The agent runs all 20 documents through `rerank_documents` using the user’s query. The system then presents the top 3 ranked chunks, cutting down noise and delivering instant value.

### A developer needs to ensure their prompt won't exceed token limits.
Before sending a complex request, they call `tokenize_text` on the entire input string. This confirms the exact token count, preventing unexpected API failures and saving costs.

### An internal tool needs to process user-uploaded documents for compliance.
The agent uses `embed_texts` to create a vector fingerprint of every document. It can then compare these fingerprints against known sensitive data vectors, flagging non-compliant files.

## Benefits

- Build smarter search: Instead of relying on keyword matches, use `embed_texts` to find documents that are conceptually related to the query. This is a massive step up from traditional databases.
- Improve knowledge accuracy: When retrieving data for an answer, run it through `rerank_documents`. This ensures your agent reads the most relevant context first, making its responses more trustworthy.
- Automate categorization: Use `classify_texts` to automatically tag incoming user requests or documents. Your agent can route a request instantly based on whether it's billing-related, support-related, etc.
- Audit token usage: Need to know if your prompt is too long?
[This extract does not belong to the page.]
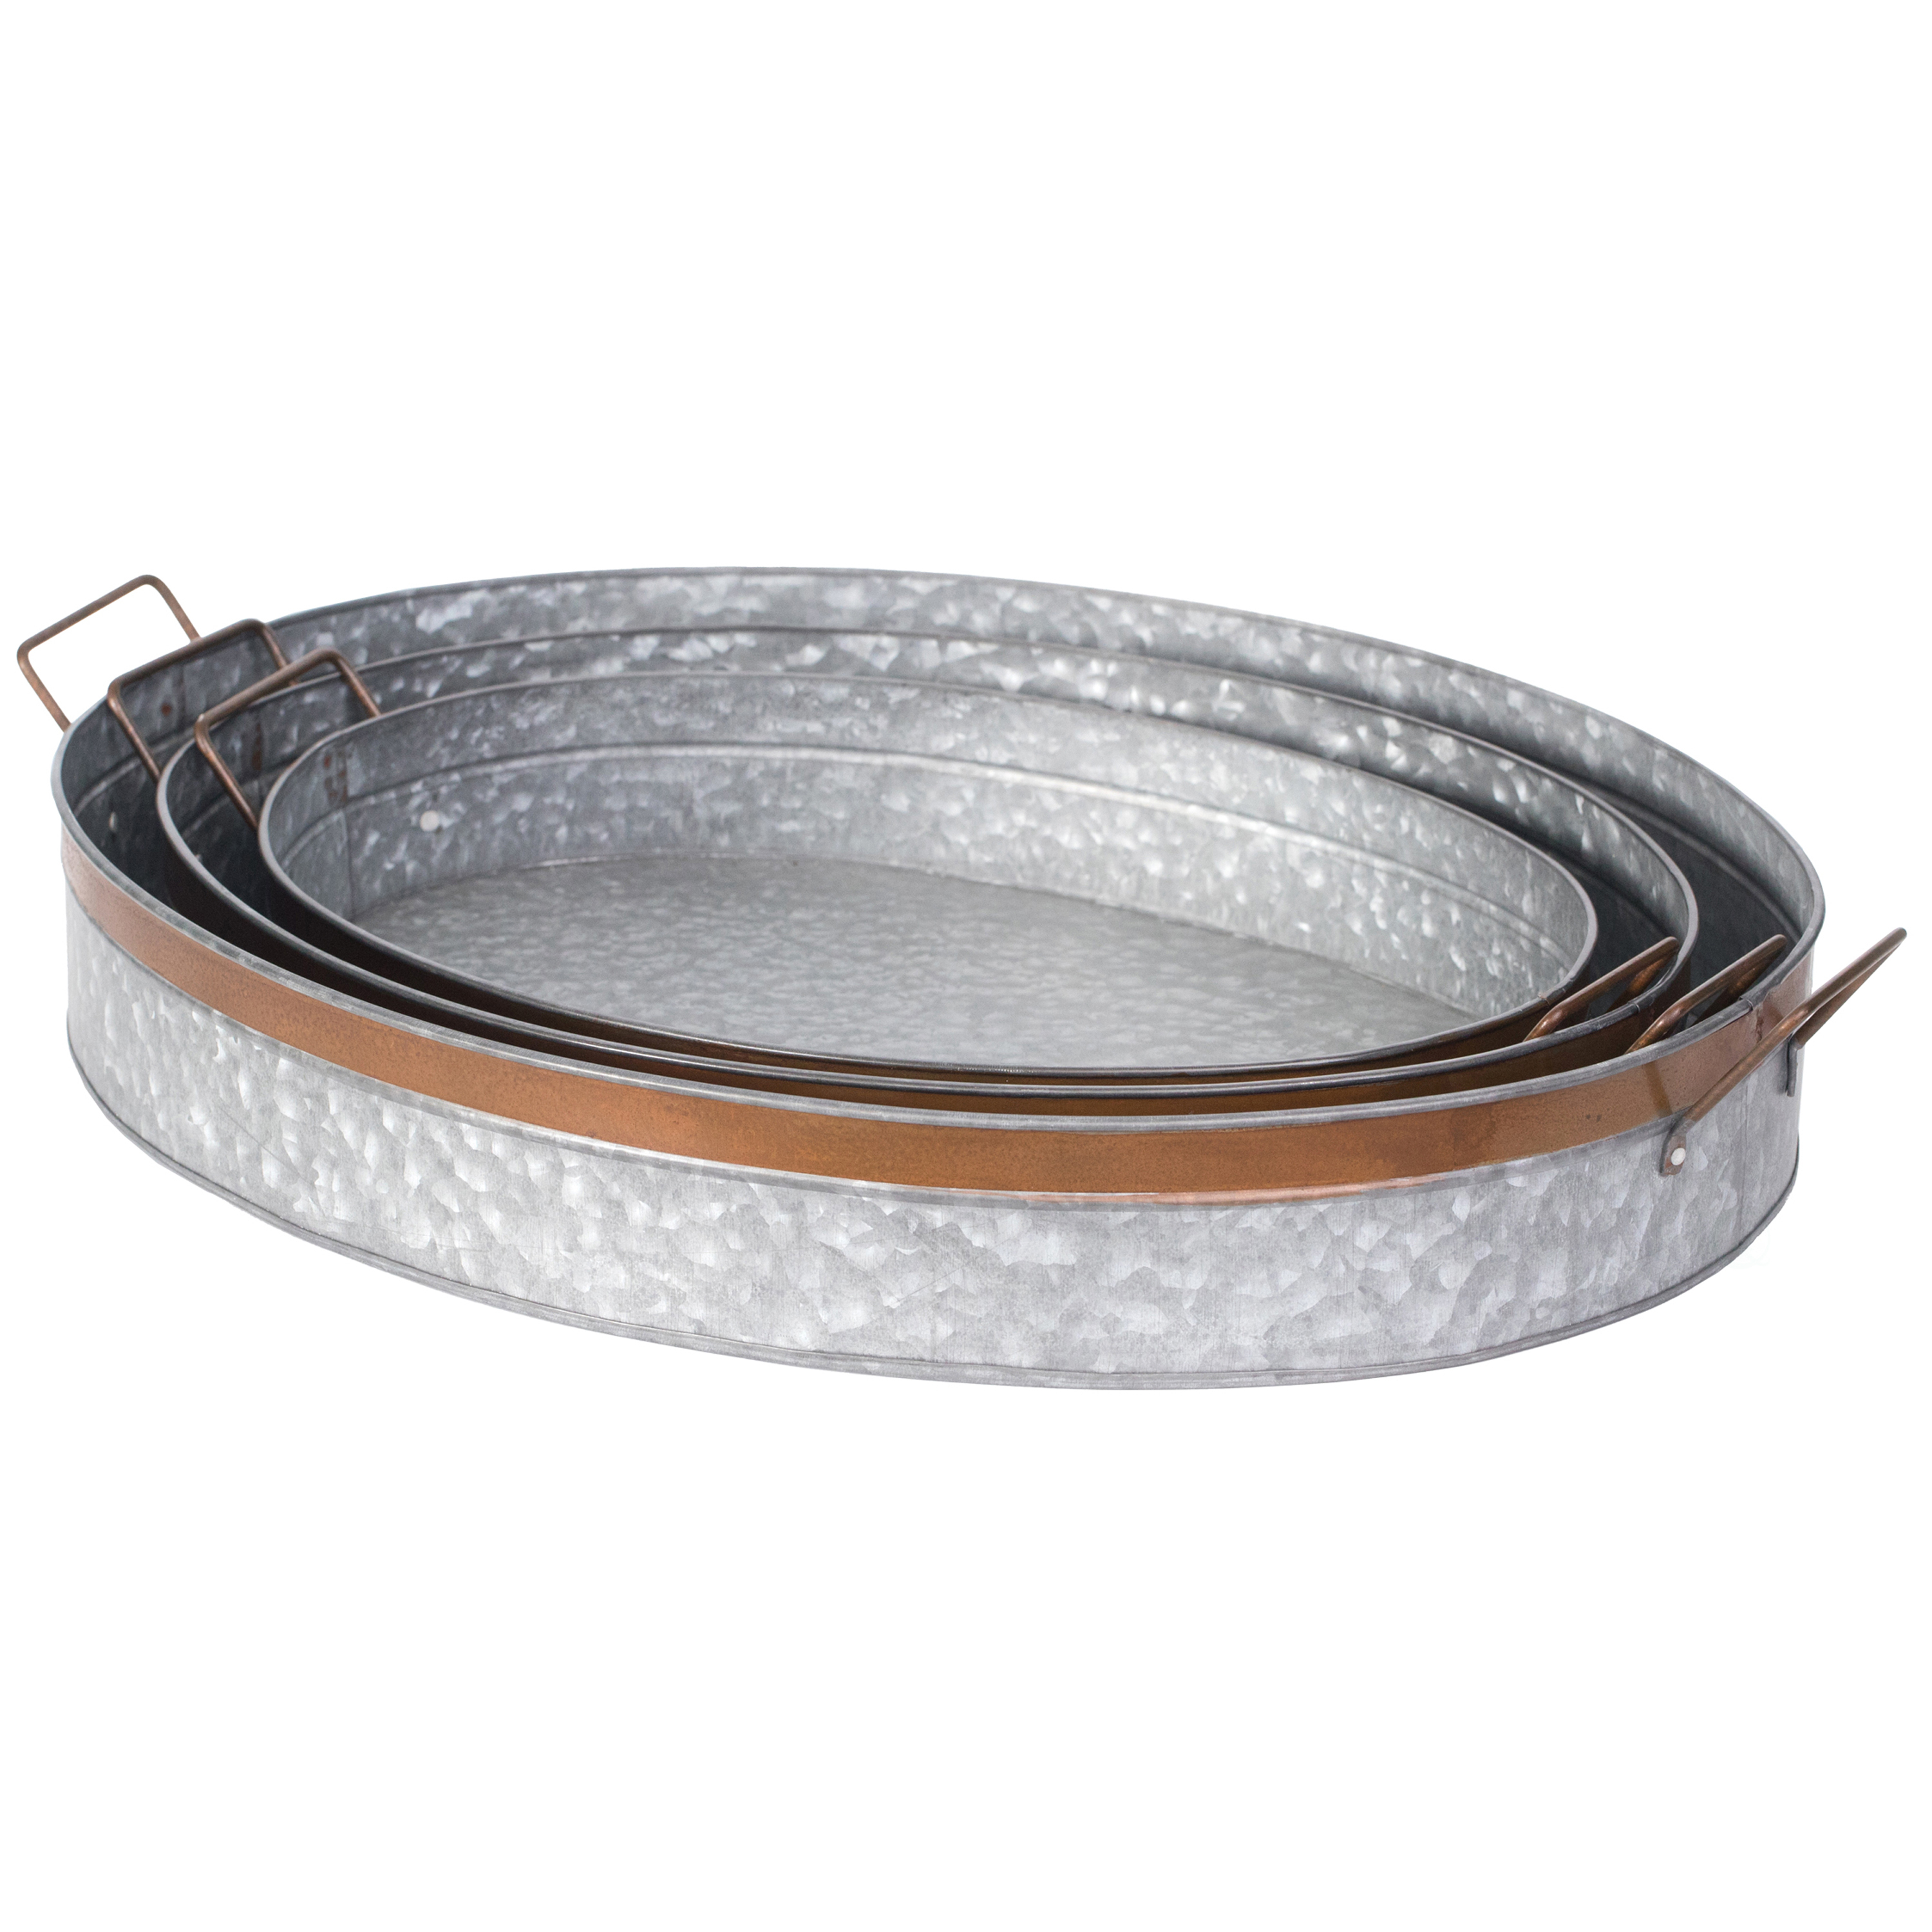 Galvanized Metal Oval Rustic Serving Tray With Handles - Set Of 3

Run text through `tokenize_text`. This gives you the exact structural breakdown of tokens before hitting API limits.
- Build conversational memory: The `chat_completion` tool lets your agent handle complex, multi-turn conversations by maintaining state and following detailed instructions.

## How It Works

The bottom line is, you send a natural language instruction and get back structured, actionable data ready for your application logic.

1. Subscribe to the MCP and enter your Cohere API key (either a trial or production key from your account dashboard).
2. Your AI client sends the request—for example, asking it to find embeddings for several documents.
3. The service returns the requested data, whether that’s a list of model hashes, categorized text labels, or dense vector arrays.
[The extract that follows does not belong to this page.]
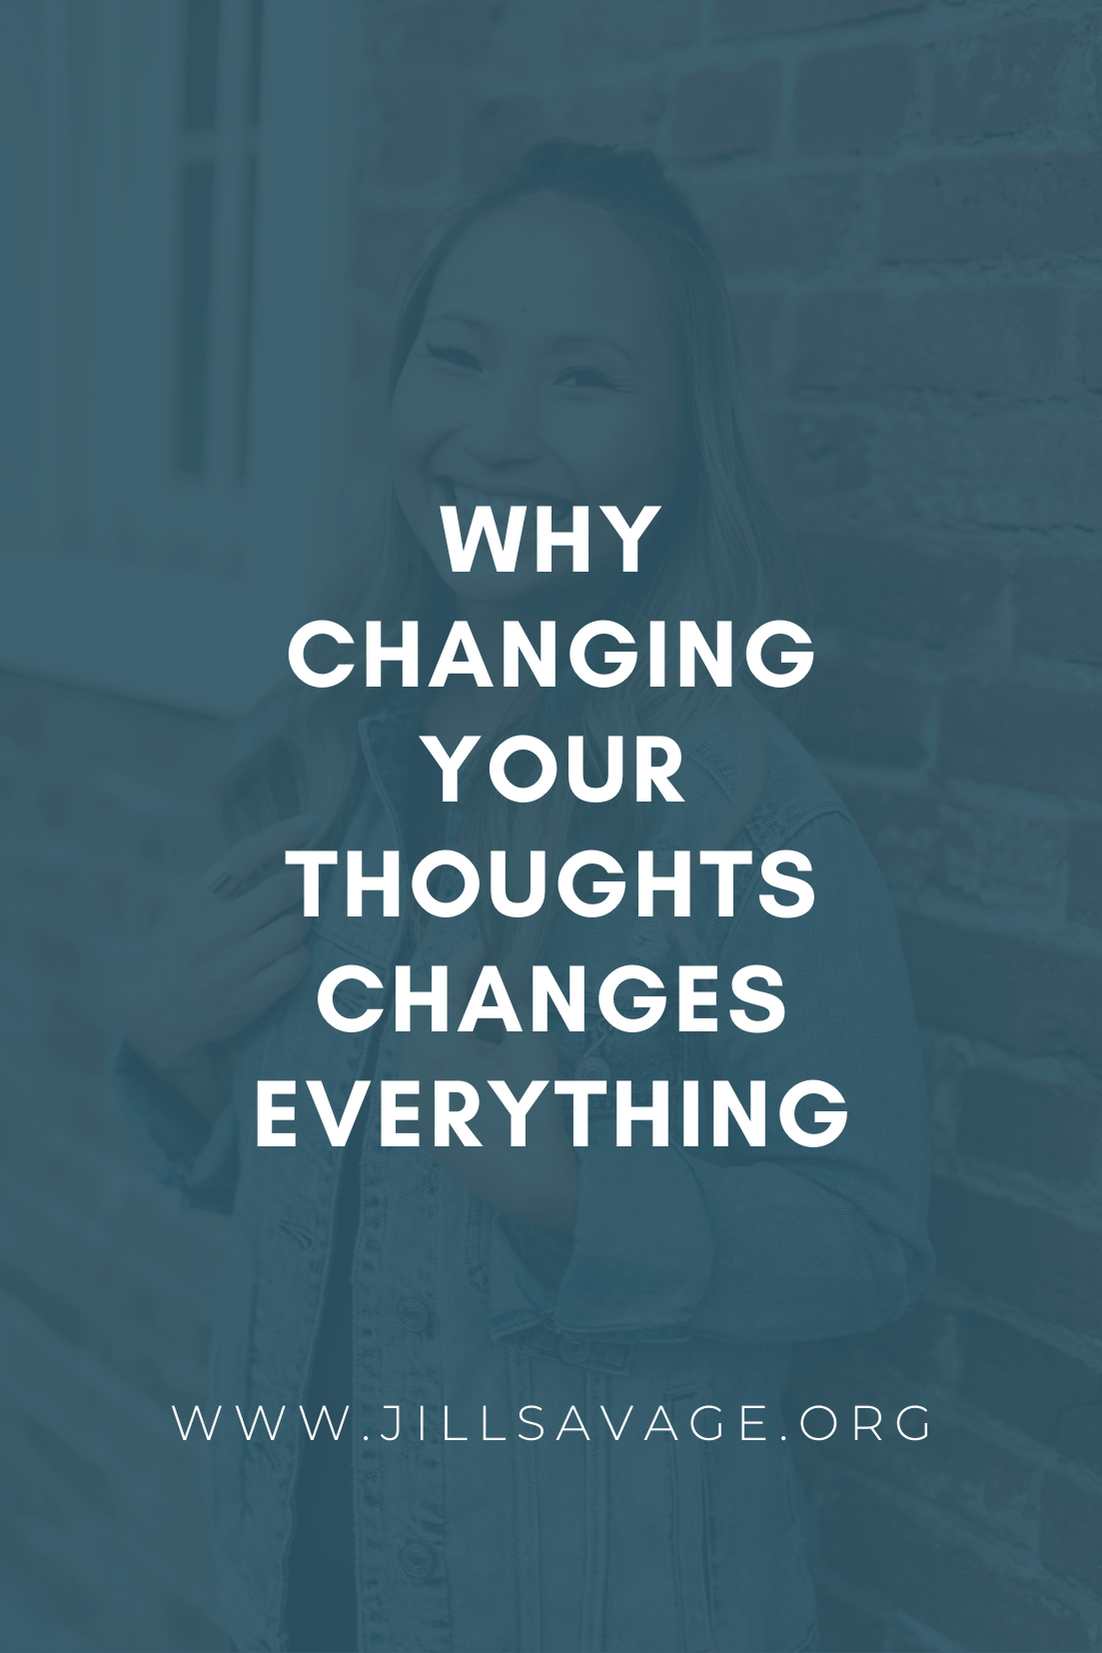 Why Changing Your Thoughts Changes Everything

## Frequently Asked Questions

**Can my agent improve my RAG system's accuracy using Cohere?**
Yes. The 'rerank_documents' tool is specifically designed for this. Provide a query and a list of documents, and Cohere will reorder them based on semantic relevance, ensuring the most accurate context is fed to your LLM.

**How do I test text classification via the agent?**
Use the 'classify_texts' tool. Provide your input strings and a few-shot JSON array of examples (text and label). The agent will return the predicted categories along with confidence scores from the Cohere engine.
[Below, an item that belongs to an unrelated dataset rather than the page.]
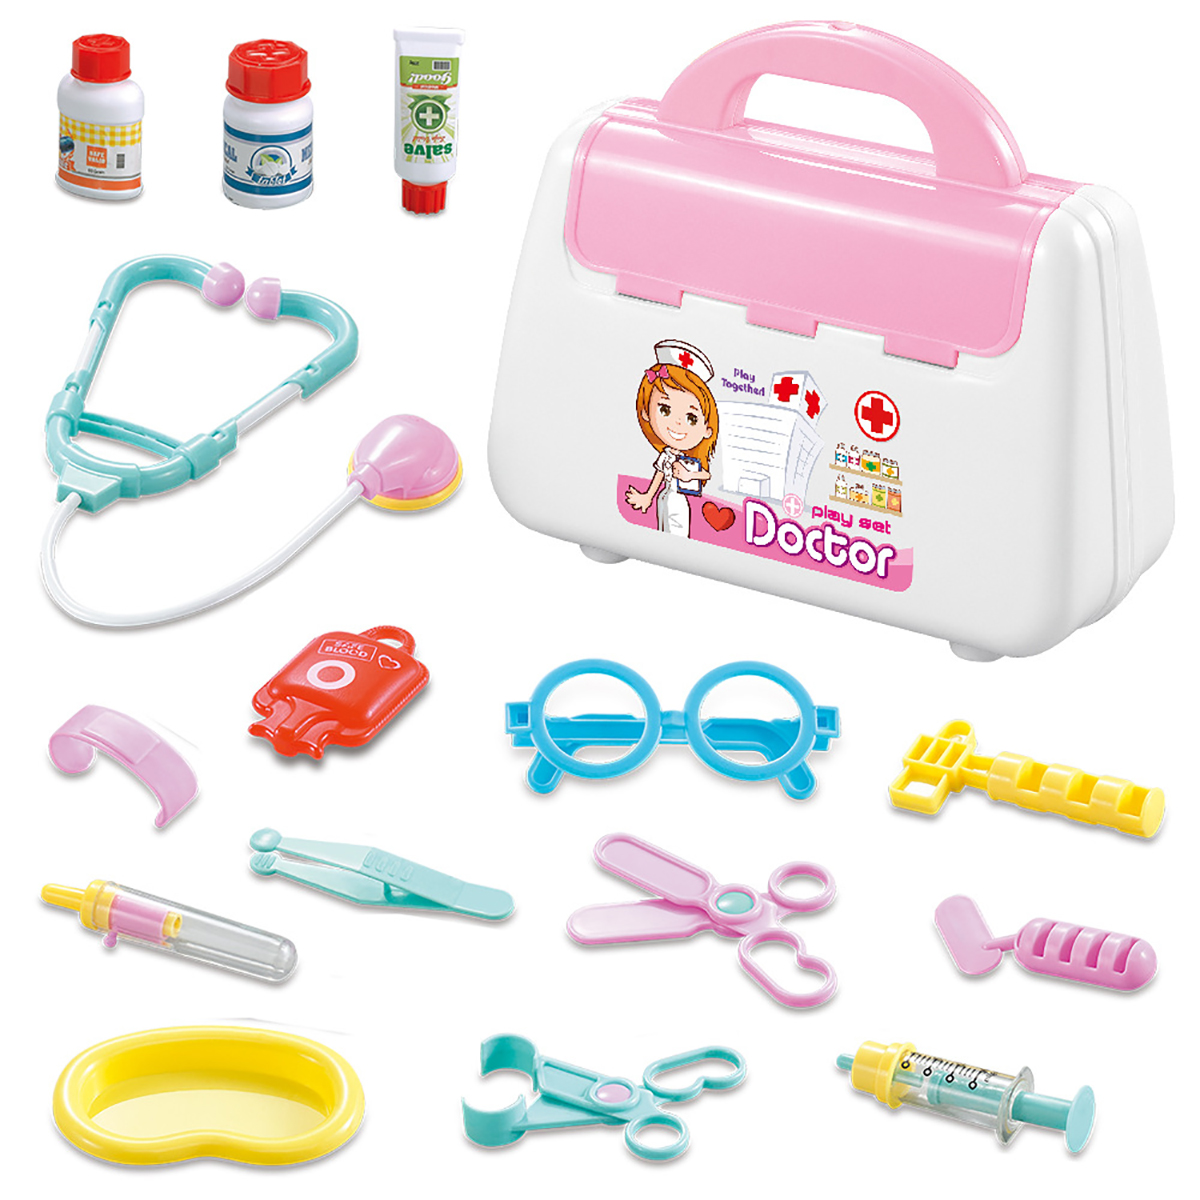 Simulation-Pretend-Doctor-Nurse-Role-Play-Education-Toy-Set-with-Carrying-Box-for-Kids-Gift-1725291-9

**What is the difference between Trial and Production keys?**
Trial keys are free for development but have strict rate limits (approx. 1,000 calls per month). Production keys remove these limits but require a paid plan. Both types work seamlessly with this server.

**How do I process a large batch of texts using the `embed_texts` tool?**
You pass an array of strings to the MCP. It handles efficient batching so you don't hit rate limits. You just send all your source documents in one call for dense vector generation.

**What detailed information does the `tokenize_text` tool provide besides a simple token count?**
It provides the exact structural segmentation of the context. You get an integer array that maps every single token, which is critical for debugging model inputs and controlling context limits.

**How can I verify which Cohere models are available using `list_models`?**
Use the `list_models` tool. This inspects your account's internal properties to confirm exactly which Cohere models and hashes you have access to, based on your current API plan.

**If my initial documents are disorganized, can I use `rerank_documents` to fix the context?**
Yes, that's its main function. You feed it a set of documents and a specific query; the MCP structures them by priority, giving you an optimized order for your RAG pipeline.

**Is my API key stored securely when I connect this MCP to my agent?**
Yes. The Vinkius platform manages the connection and handles the keys using industry-standard encryption protocols. You never need to expose your raw key within your conversation flow.